### Dataset section
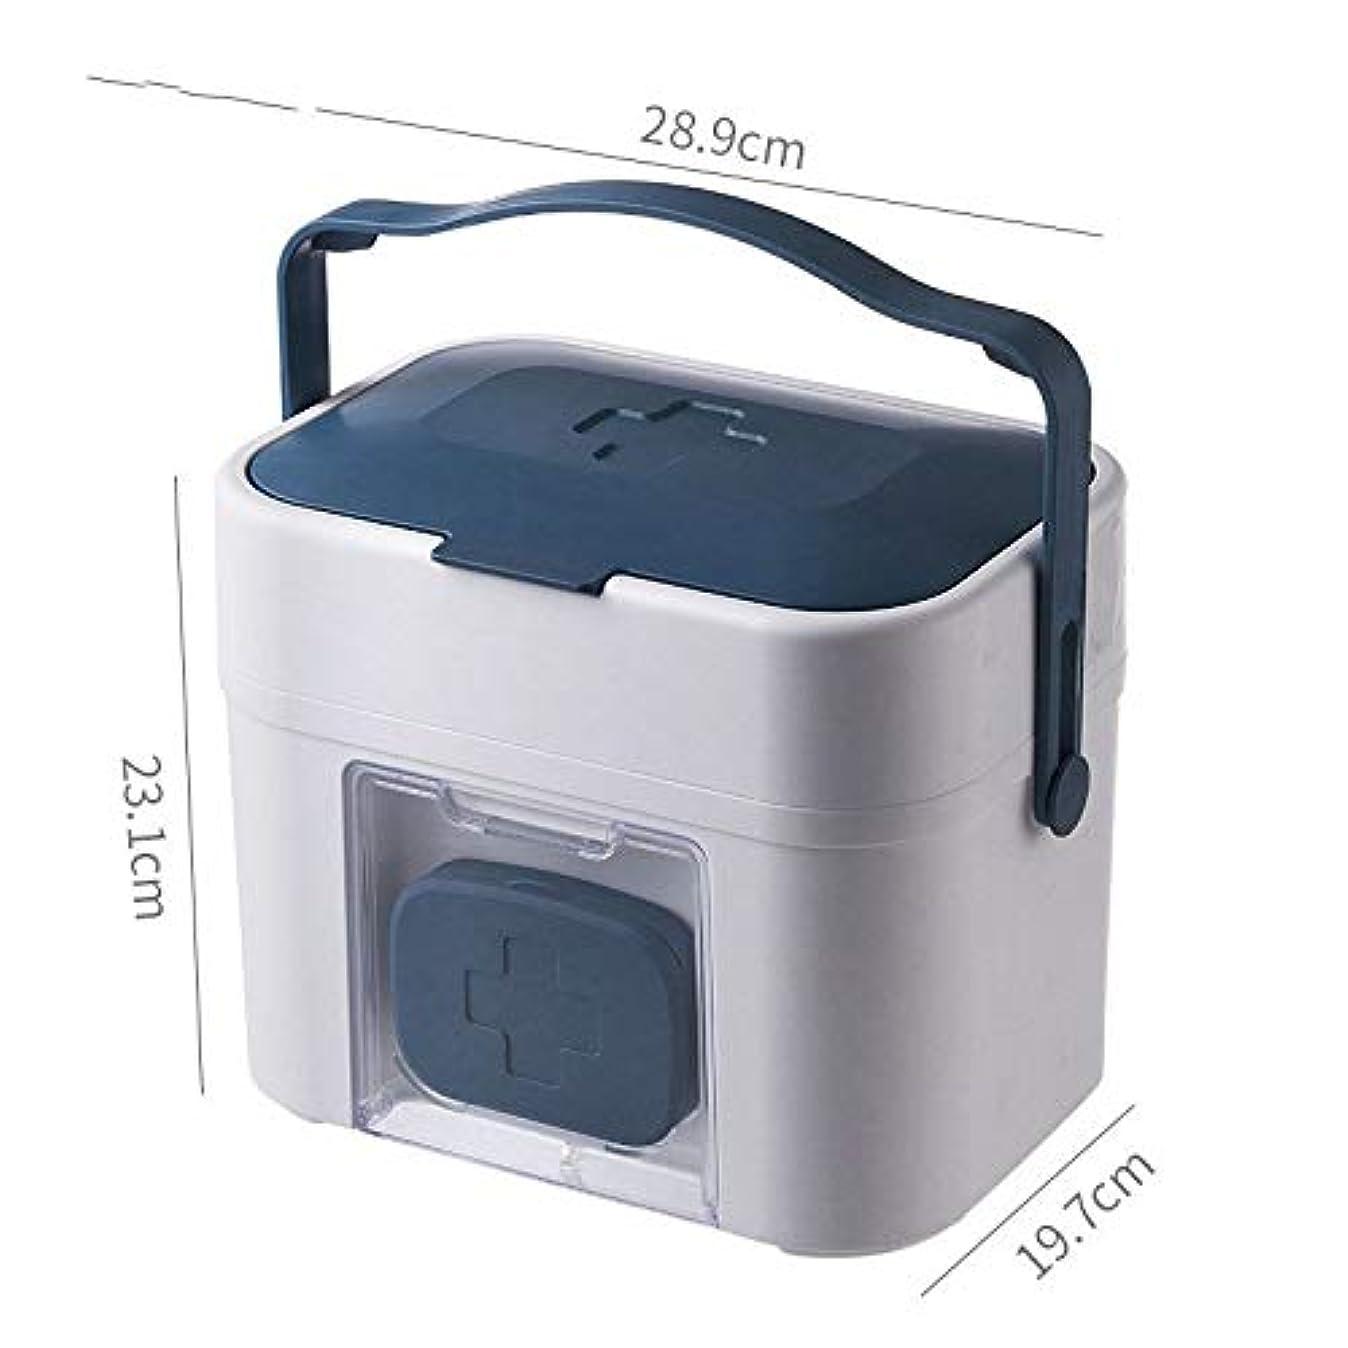 寄付パイロットスペアUIOYKL 救急箱 大きいサイズ 薬箱 収納ボッ クス 大容量 ダブル引き出し 家庭用 ツールボックス 道具箱 小物入れ アウトドア 耐久性 (Color : A)
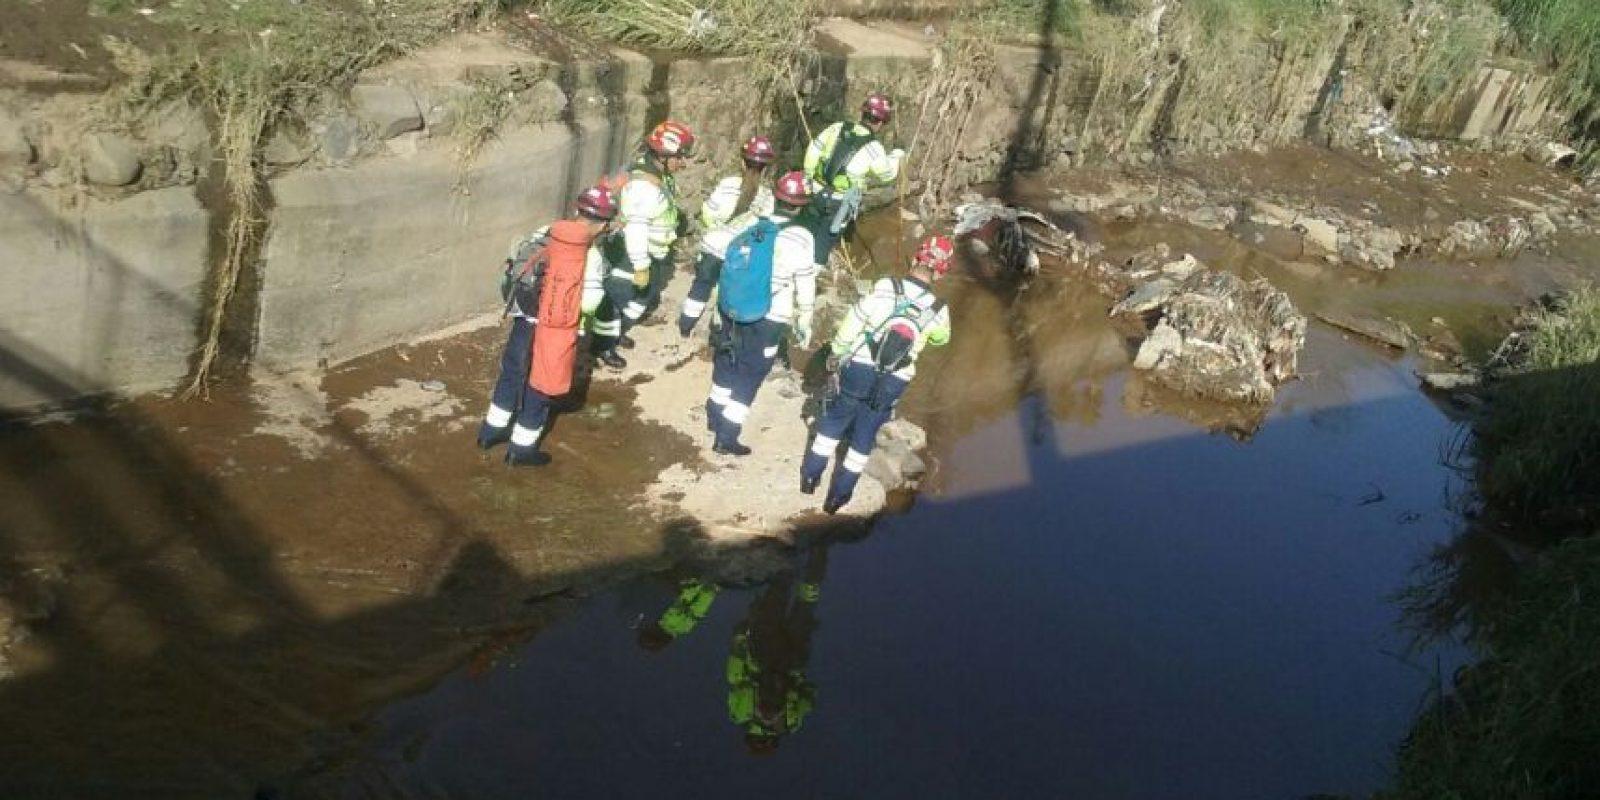 La patrulla de rescate busca en el río Platanitos. Foto:Bomberos Municipales Departamentales
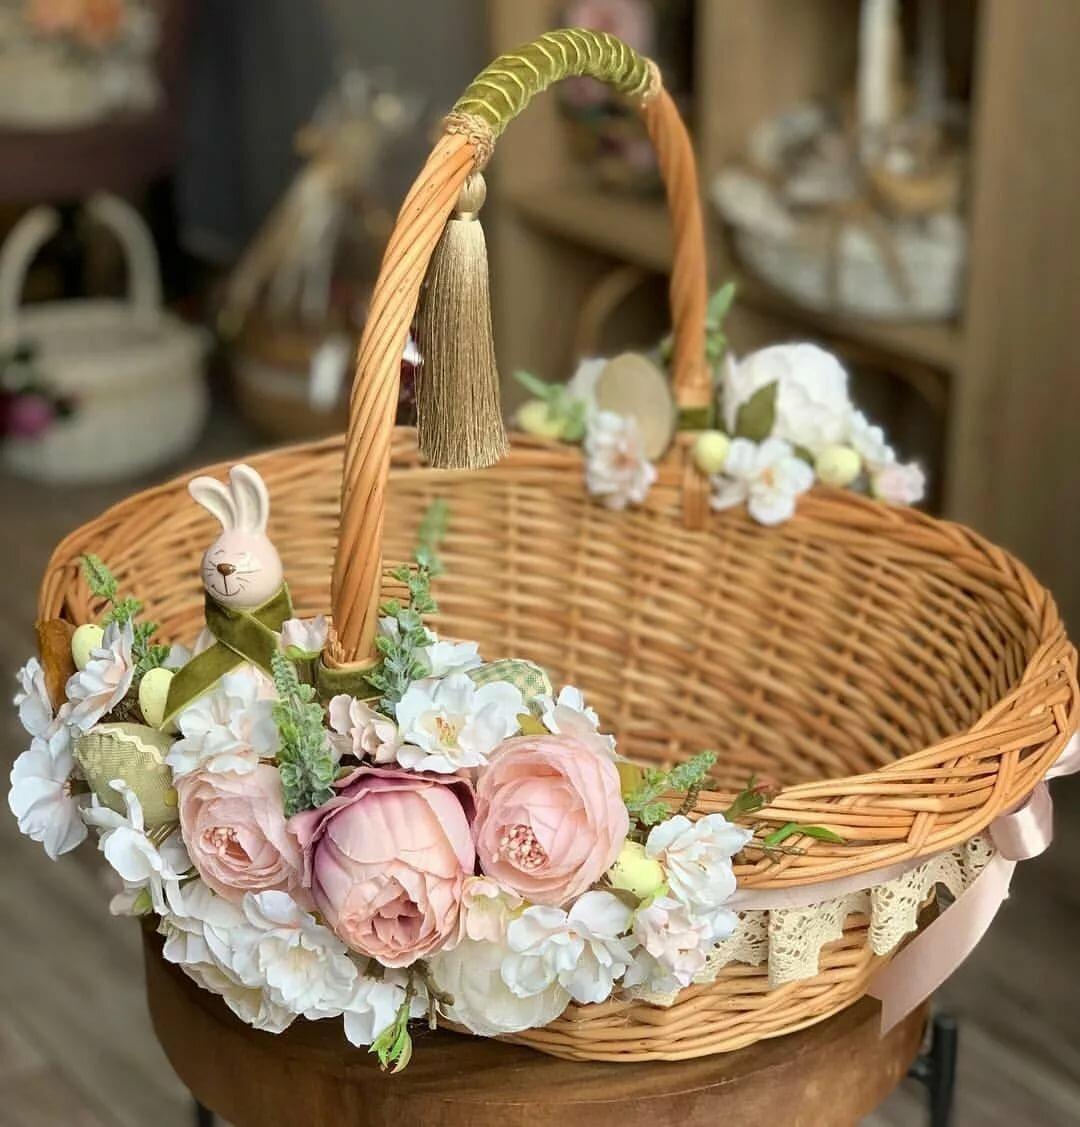 которая картинки плетеных корзин с цветами своей стороны, желаем
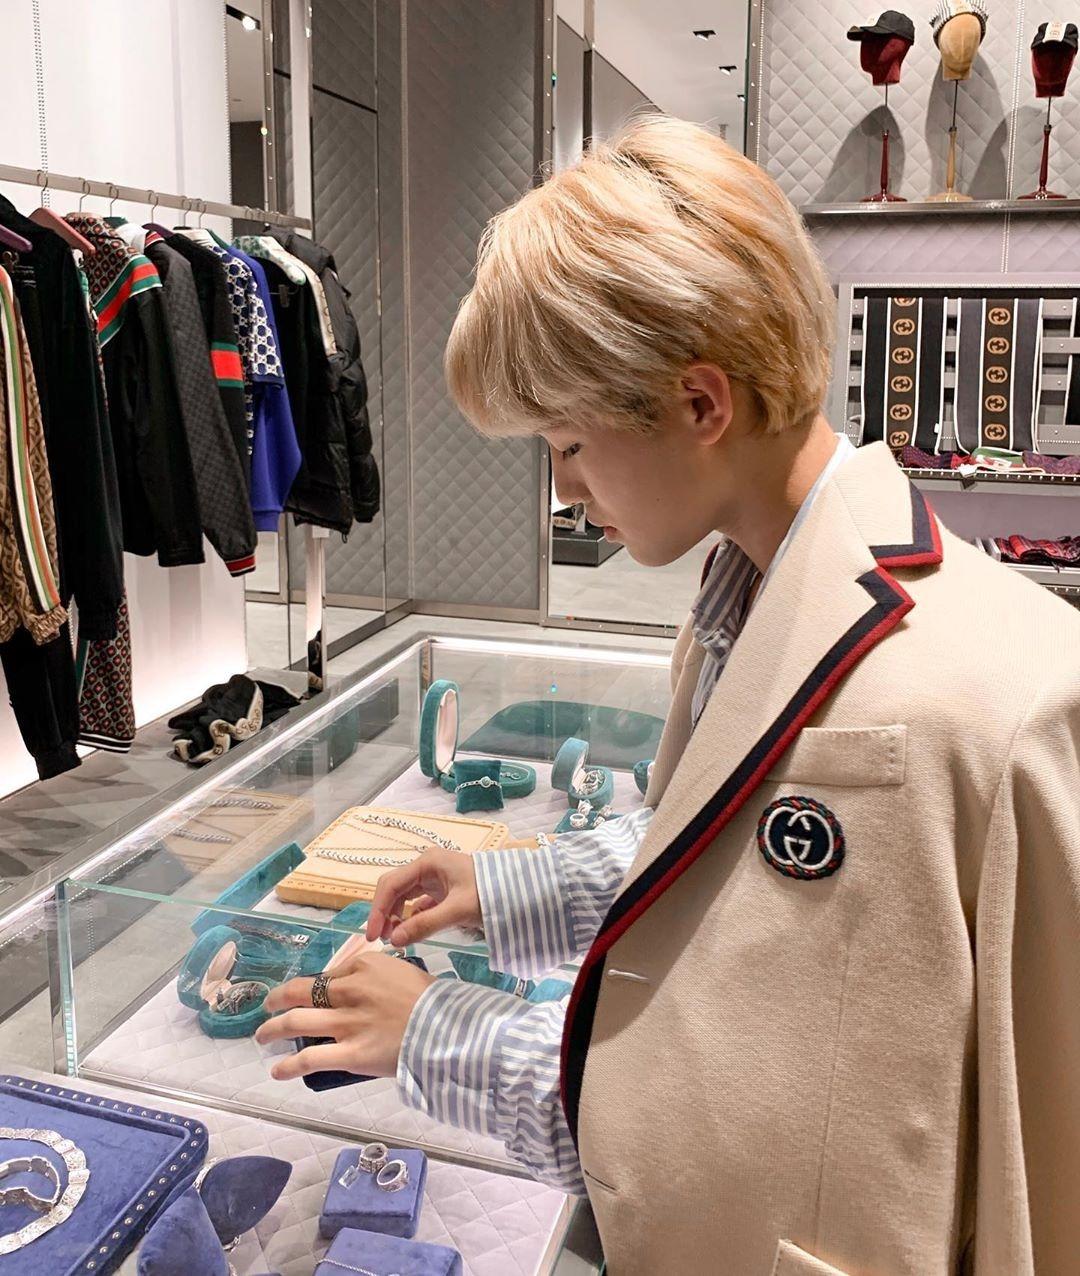 Là fan Kpop chính hiệu, phong cách của Nhất Hoàng chịu ảnh hưởng rất rõ nét bởi các idol xứ kim chi. Nhiều bộ cánh của anh chàng gây liên tưởng đến Kai (EXO), V (BTS)...

### About this exercise
Print the data above exactly, minus pictures.

### Answer area
 寄付パイロットスペアUIOYKL 救急箱 大きいサイズ 薬箱 収納ボッ クス 大容量 ダブル引き出し 家庭用 ツールボックス 道具箱 小物入れ アウトドア 耐久性 (Color : A)
 La patrulla de rescate busca en el río Platanitos. Foto:Bomberos Municipales Departamentales
 которая картинки плетеных корзин с цветами своей стороны, желаем
 Là fan Kpop chính hiệu, phong cách của Nhất Hoàng chịu ảnh hưởng rất rõ nét bởi các idol xứ kim chi. Nhiều bộ cánh của anh chàng gây liên tưởng đến Kai (EXO), V (BTS)...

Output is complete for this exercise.